Specific embodiment described herein is only an example for the spirit of the invention.Technology belonging to the present invention is led The technical staff in domain can make various modifications or additions to the described embodiments or replace by a similar method In generation, however, it does not deviate from the spirit of the invention or beyond the scope of the appended claims.
Although server end 1, monitored end 2, battery 3, data acquisition module 4, data transmission is used more herein Module 5, data reception module 6, data temporary storage module 7, data computation module 8, storage contrast module 9, alkaline statistical module 10, Carbon statistical module 11, report barrier module 12, display module 13, statistical module 14, data reject module 15, threshold-discrimination module 16 Equal terms, but it does not preclude the possibility of using other terms.The use of these items is only for more easily describe to conciliate Release the essence of the present invention;Any one of the additional limitations is construed as all to disagree with spirit of that invention.

Claims (10)

1. a kind of battery detection statistical system based on Internet of Things, which is characterized in that including server end (1) and and server Hold multiple monitored ends (2) of (1) communication connection;
The monitored end (2) includes battery (3), data acquisition module (4), data transmission blocks (5);
The server end (1) includes data reception module (6), data temporary storage module (7), data computation module (8), storage Contrast module (9), statistical module (14), report barrier module (12), display module (13);
The data acquisition module (4) is used to read the voltage value time point corresponding with voltage value of battery (3), forms inspection Data detection signal is simultaneously sent to data transmission blocks (5) by measured data signal;
The data transmission blocks (5) are for receiving data detection signal and being forwarded to data reception module (6);
The data reception module (6) is for receiving data detection signal and being forwarded to data temporary storage module (7);
The data temporary storage module (7) is for receiving, storing data detection signal and for reading;
The data computation module (8) is for reading data detection signal, data detection signal calculate and will be calculated Data-signal afterwards is sent to storage contrast module (9);
The storage contrast module (9) is for storing correction data, after the storage contrast module (9) is for receiving calculating Data-signal and be compared with correction data, judge monitored end (2) battery (3) whether failure, if battery (3) is judged to Break to be normal, the statistical module (14) reads data detection signal, counted and generated statistical data, if battery (3) It is judged as failure, the report barrier module (12) generates report barrier signal;
The display module (13) is for showing statistics or reporting barrier signal.

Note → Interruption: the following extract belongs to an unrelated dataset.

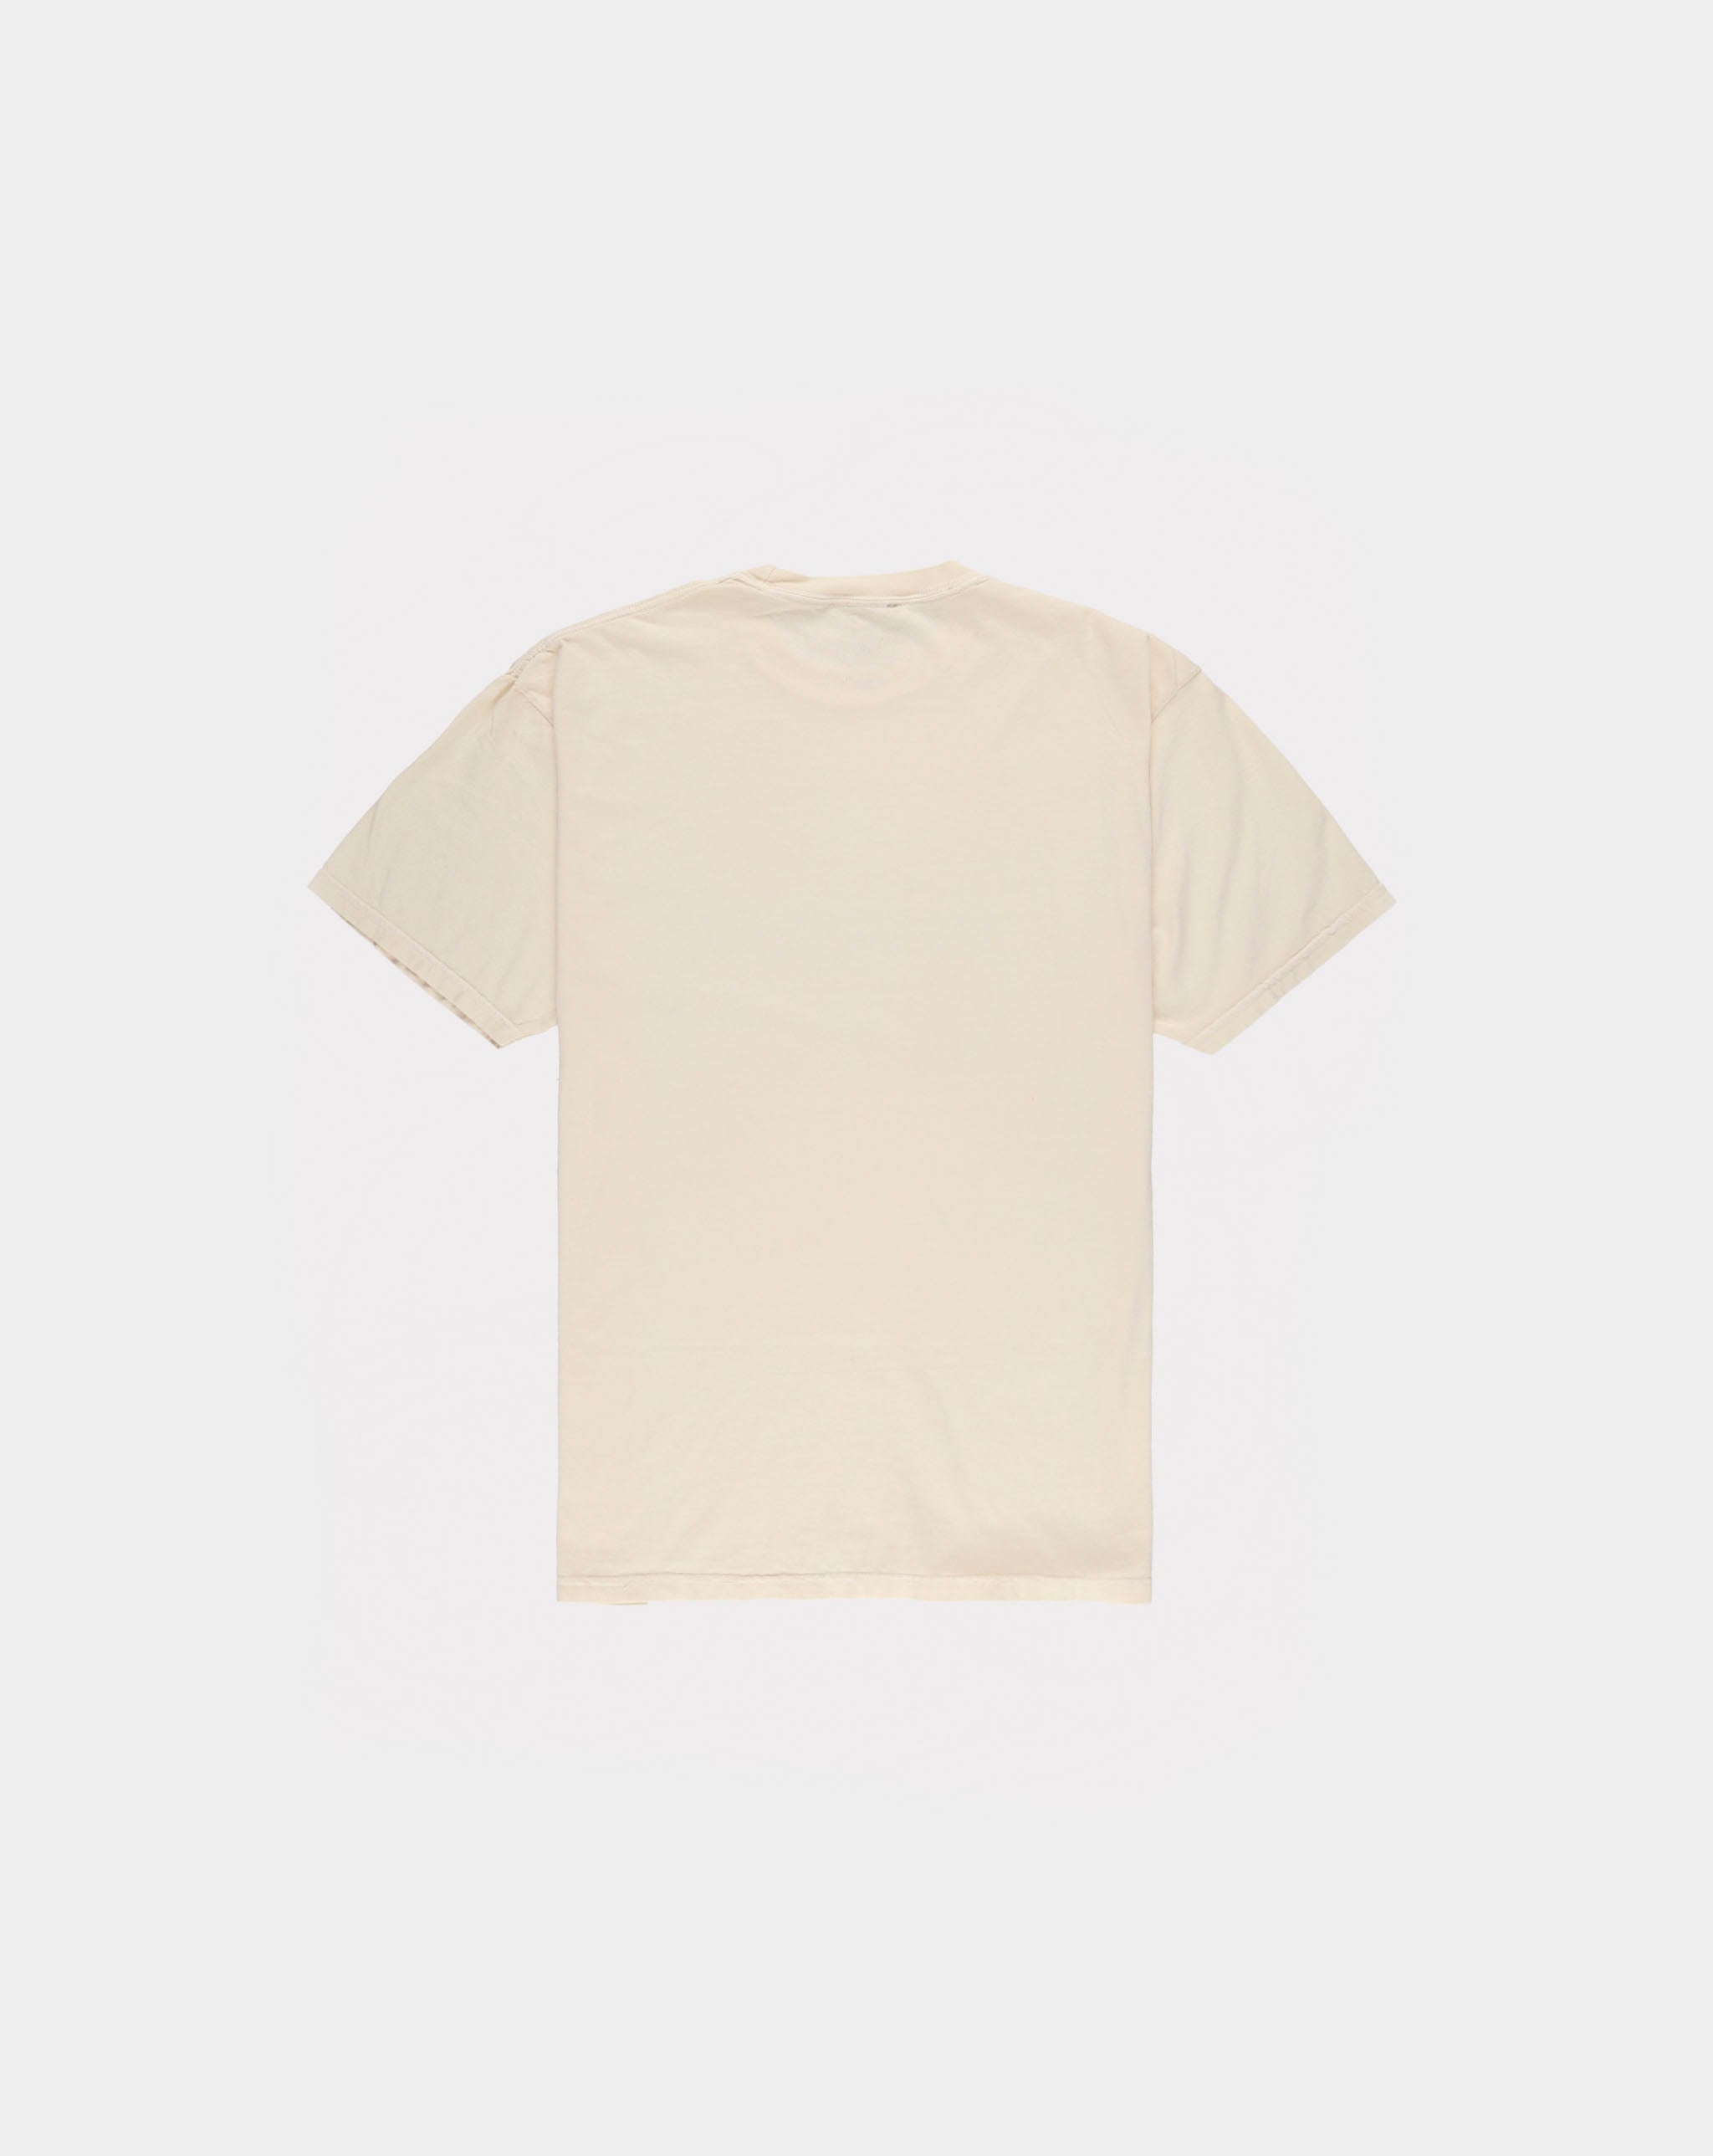 Contrast High CHxX Why Are You Here T-Shirt  - Cheap 127-0 Jordan outlet
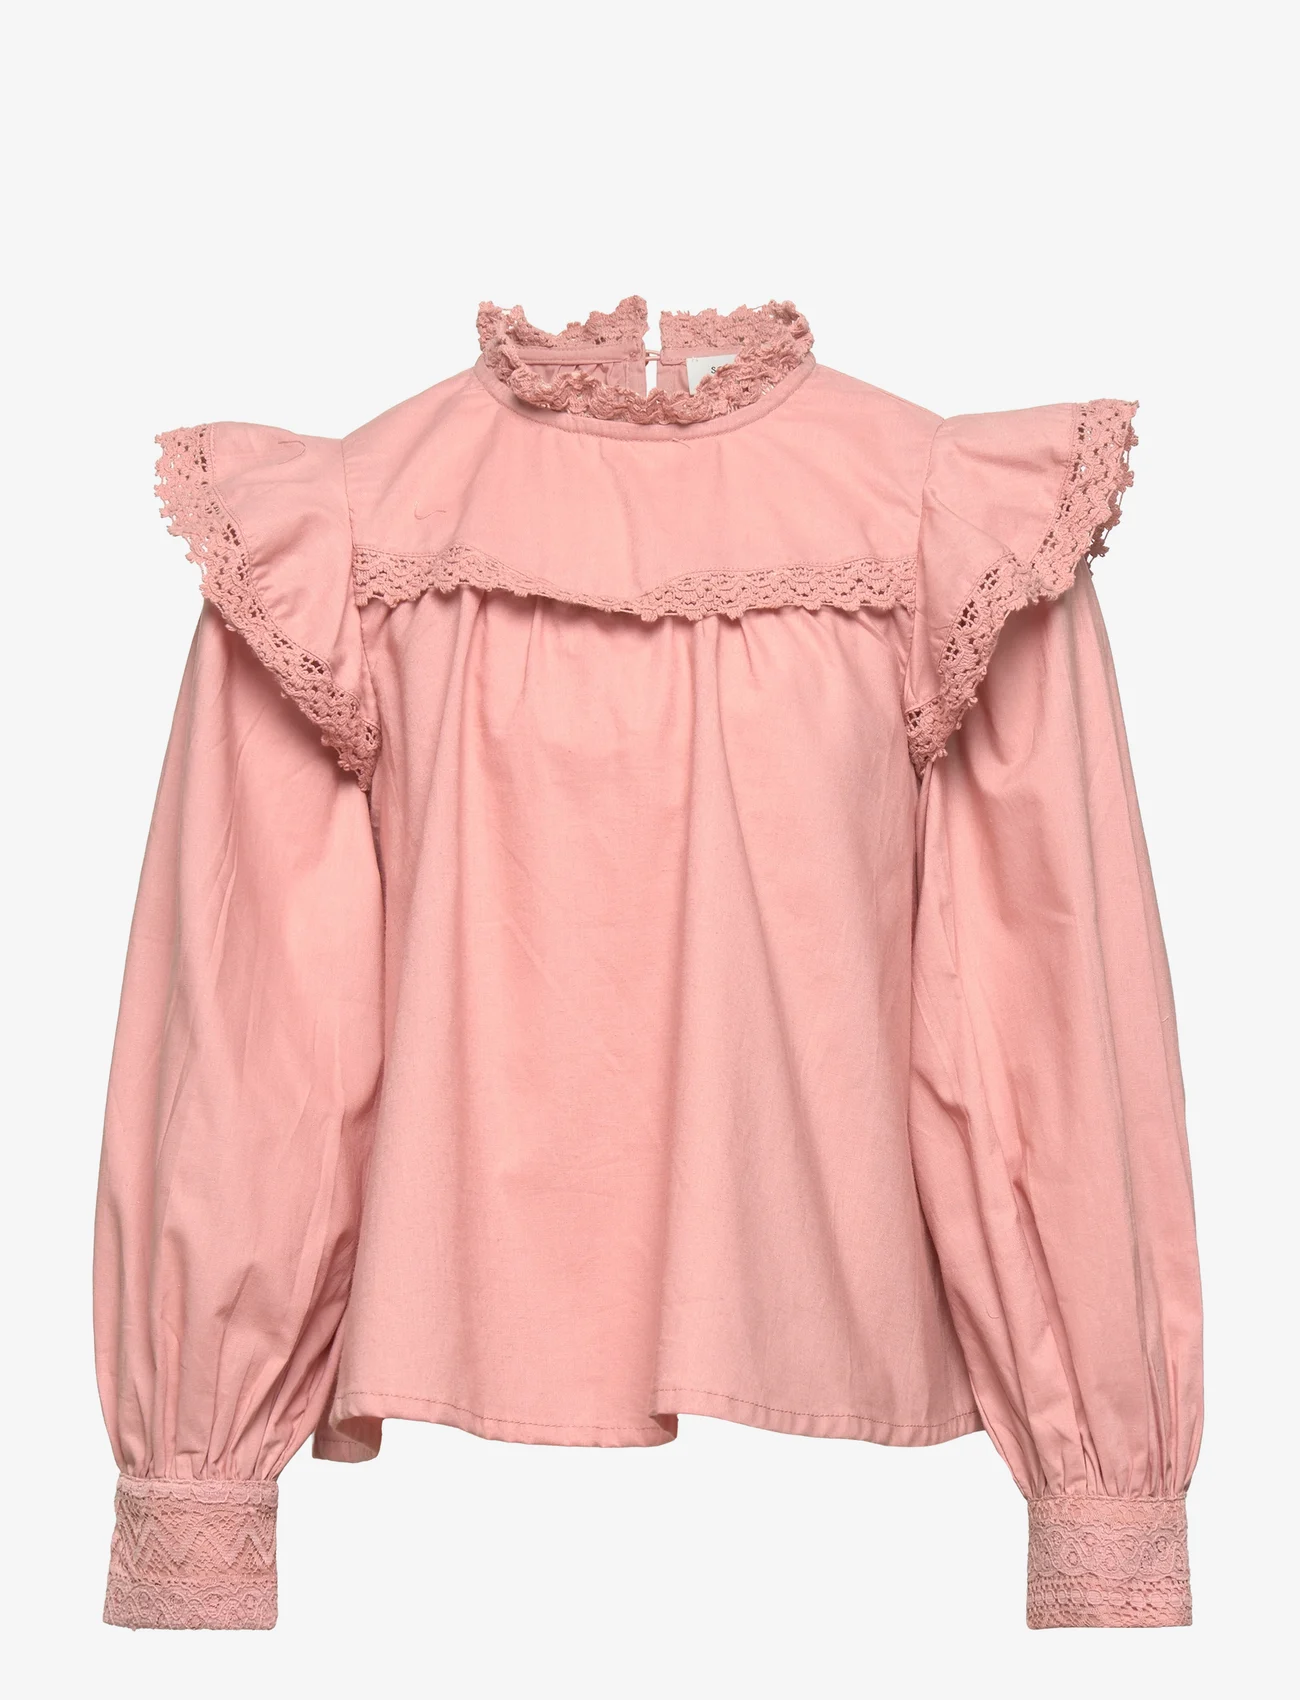 Sofie Schnoor Baby and Kids - Blouse - zomerkoopjes - misty rose - 0

2. a kind of battery detection statistical system based on Internet of Things according to claim 1, which is characterized in that the number The initial voltage value that battery (3) is read according to acquisition module (4) is set as V1, record V1Read access time point be set as T1, read battery (3) final voltage value is V2, record V2Read access time point be set as T2, the data computation module (8) is for calculating battery The slope of discharge curve is simultaneously set as K, and the slope K of the battery discharge curve is calculated by the following formula:K=(V1-V2)/(T2- T1)。
3. a kind of battery detection statistical system based on Internet of Things according to claim 2, which is characterized in that described deposits Storage contrast module (9) is preset with the slope K of battery discharge curveIn advance, the KIn advanceFor preset battery discharge curve slope range,
When K is in KIn advanceWhen in range, battery (3) is judged as normally,
When K exceeds KIn advanceWhen range, battery (3) is judged as failure.
4. a kind of battery detection statistical system based on Internet of Things according to claim 2, which is characterized in that the number It is also associated with threshold-discrimination module (16) according to acquisition module (4), the threshold-discrimination module (16) is for being arranged monitored end (2) minimum operating voltage VThreshold, the V2=VThreshold
5. a kind of battery detection statistical system based on Internet of Things according to claim 2, which is characterized in that the system Meter module (14) is also associated with data and rejects module (15), and the data reject module (15) and are equipped with voltage value VJust, work as VJustFor Battery (3) preset initial voltage range, the V1Beyond VJustRange when, that is, reject this group of detection data.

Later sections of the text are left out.